Alkek chokes. I nearly drop the sack I’m holding.
“We’re working,” Alkek yells back, voice cracking just enough to make it worse.
Maro eyes the stacked crates, the two of us slightly too close to each other, and makes a noise that could mean anything from good job to I’m watching you.
“Sol,” he says. “When you’re done letting my boy show off, you can come in and start on tables. The morning crowd’s lazier than you.”
“Yes, sir,” I say automatically.
Sir, I think a second later.
Maro rolls his eyes and goes back inside.
Alkek scrubs his palm over his jaw. “Perfect. New joke for the week,” he mutters. Then, to me, “Sorry. He thinks he’s charming. Nobody’s drowned him yet, so he keeps testing it.”
“I’ll take your word for it,” I say.
He hefts the last sack and jerks his head toward the door. “Go on. If he sees you still back here when the first farmer comes in wanting porridge, he’ll blame me and make me scrub pots till moonrise.”
“You held me up,” I say.
“True,” he agrees cheerfully. “Still, save me if you can.”

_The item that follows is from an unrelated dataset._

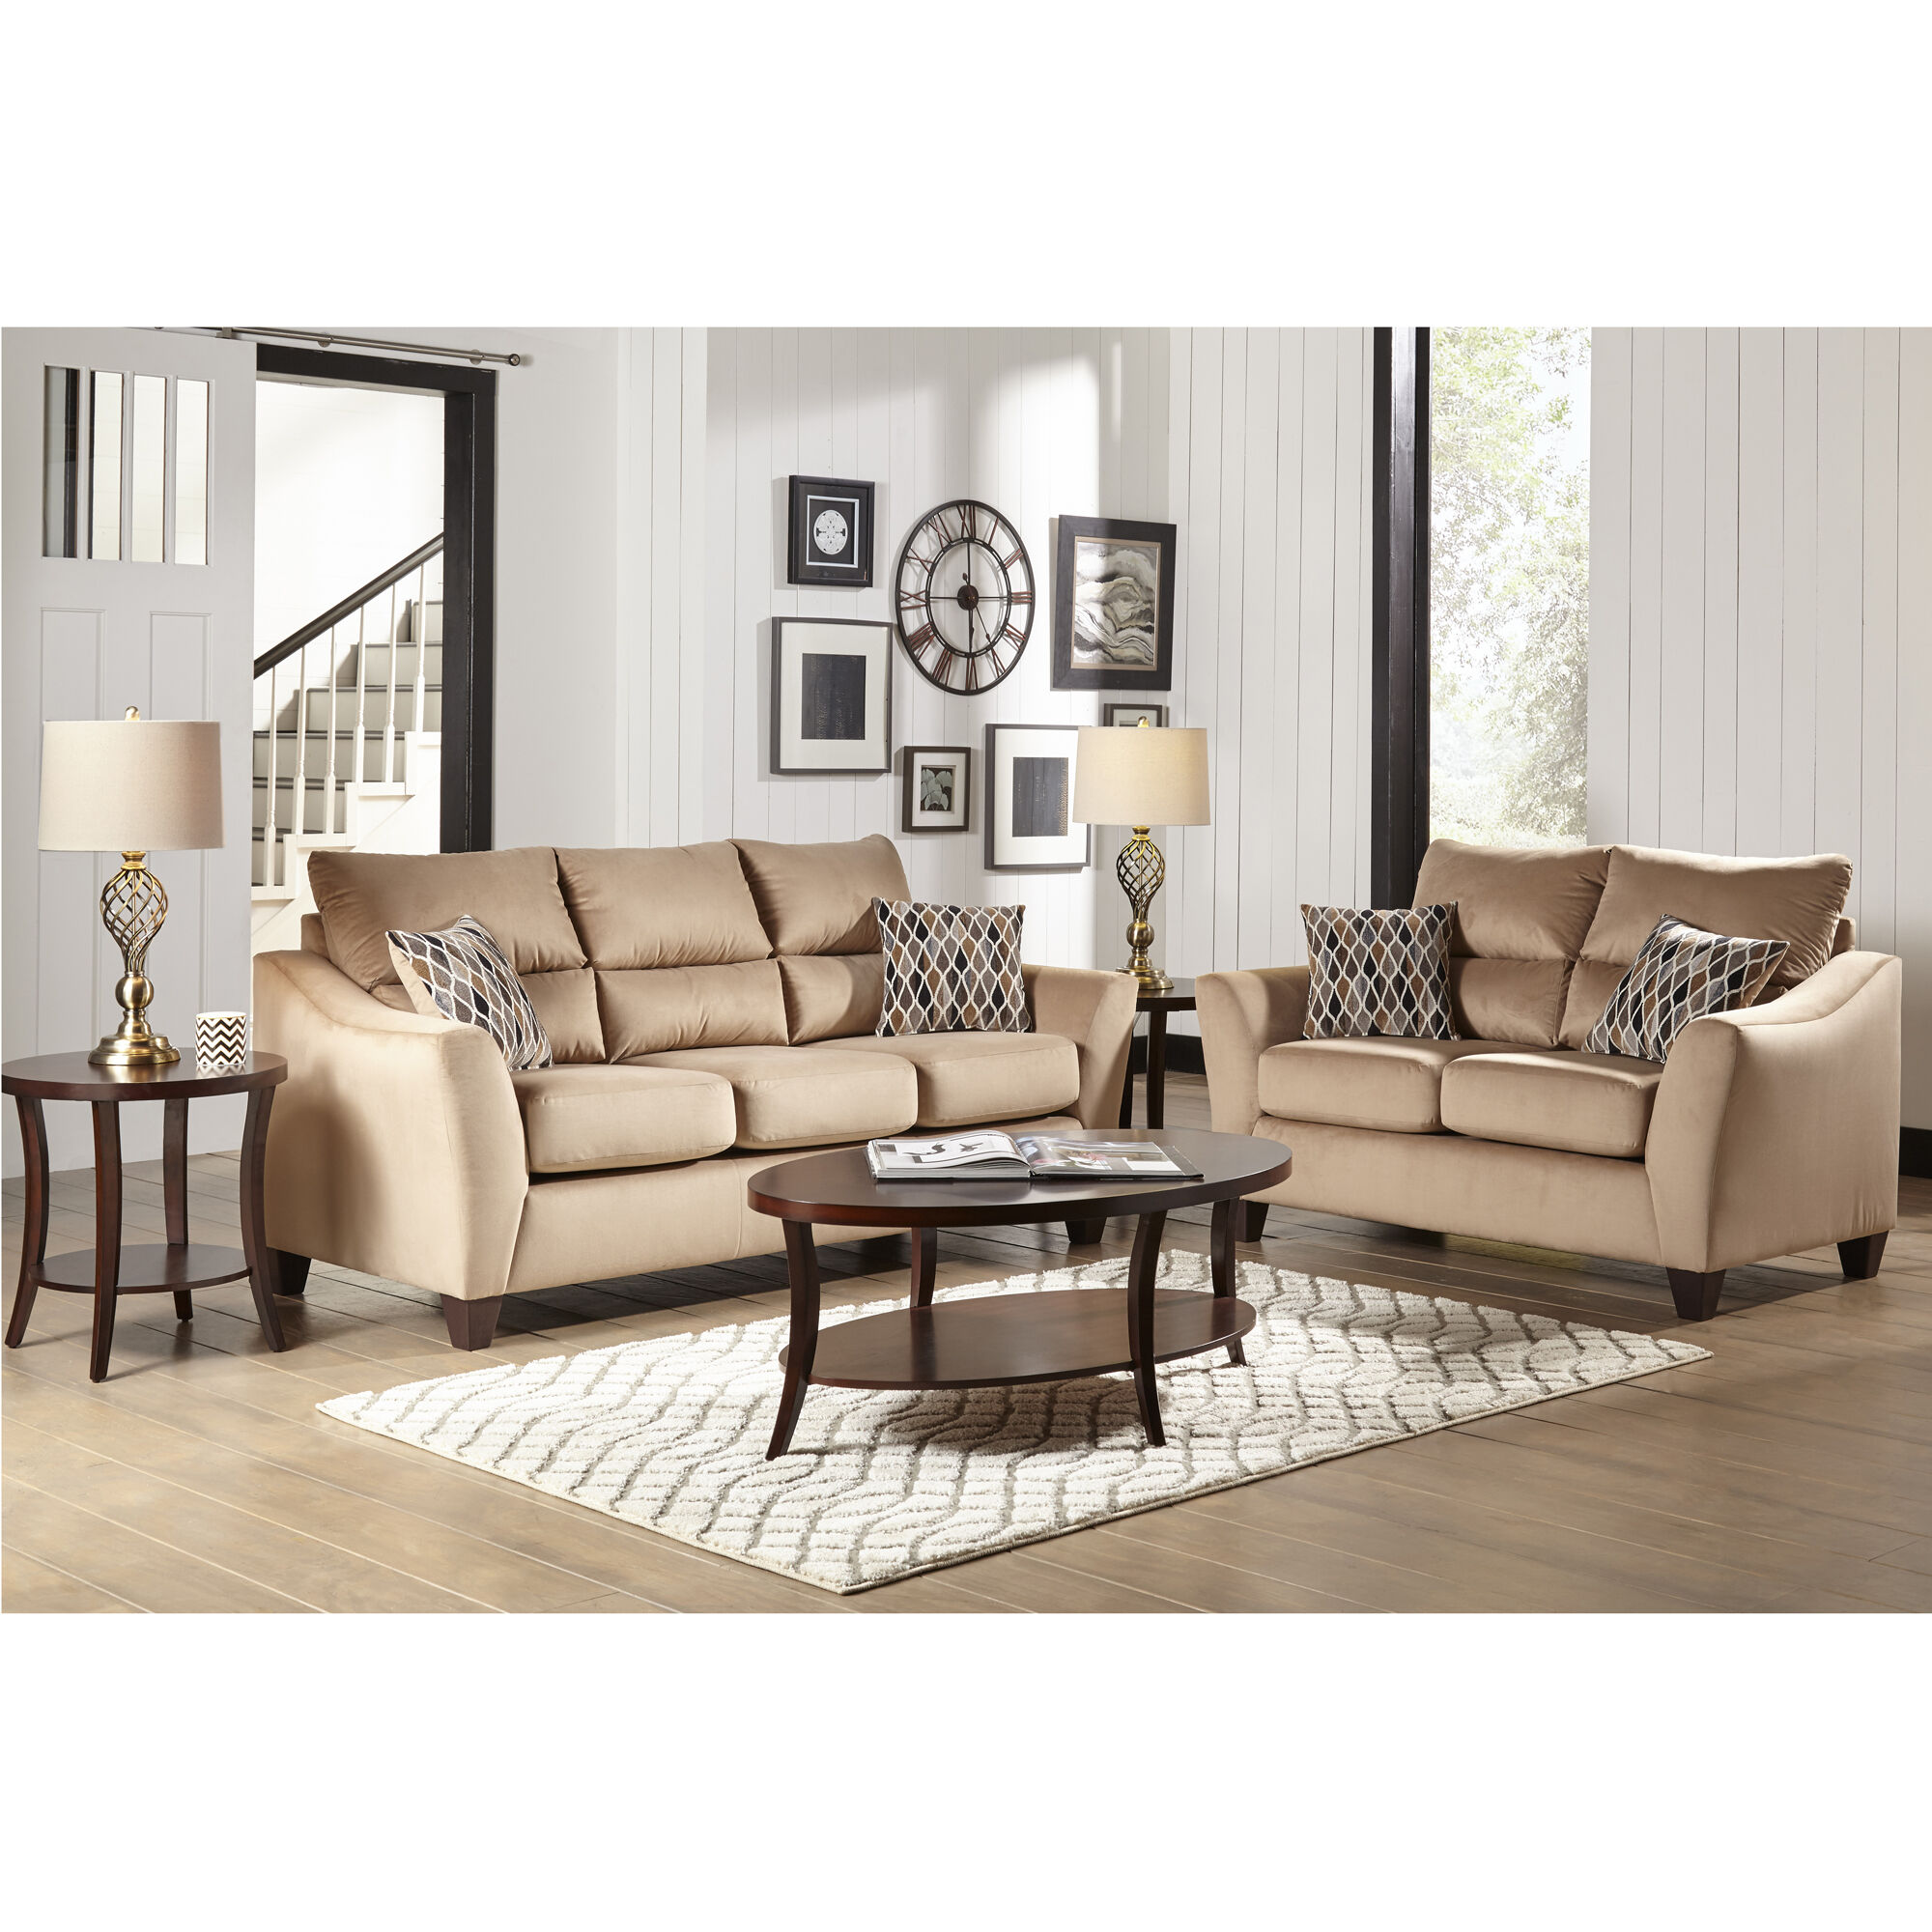 woodhaven living room furniture grey decor industries sofa & loveseat sets 2-piece camden ...

I hesitate a second, stupidly reluctant to walk away from the easy warmth of the yard, then pick up my buckets and head for the door.
“Sol?” he calls after me.
I glance back.
“Welcome to Angel’s ass-end,” he says. “We’re poor, loud, and half-drunk most days. It grows on you. Like mold.”
It’s not a good joke. It lands anyway. I feel my mouth curve before I can stop it.
“Noted,” I say.
Inside, the kitchen is already heating up—stove roaring, pans clattering, Maro muttering to himself. I empty the buckets into the big barrel, water sloshing satisfyingly, and set them aside.
[VALICAR: HEART RATE ELEVATED · NO EXTERNAL THREAT DETECTED]
Shut up, I tell it, grabbing a rag and heading for the front room. Not everything is combat. Sometimes it’s just… people.
[VALICAR: LOGGING NEW PATTERN]
Don’t, I think.
The taproom is all scrubbed tables and low voices at this hour, farmers drifting in one by one, the world still hazy from sleep. I move between benches with a broom and rag, pretending to be exactly what I look like: a small girl with blue eyes and black hair, working her keep in a place that has never heard the word “Hive.”
Out back, an axe starts up—steady, measured blows. Alkek turning logs into firewood because that’s what the day needs.
I catch myself listening for it, and for once, it’s not war I’m bracing for. Just waiting for the next time someone laughs and keeps treating me like I belong here.
“Angel’s ass-end,” he called it. If I’m not careful, I might let it grow on me.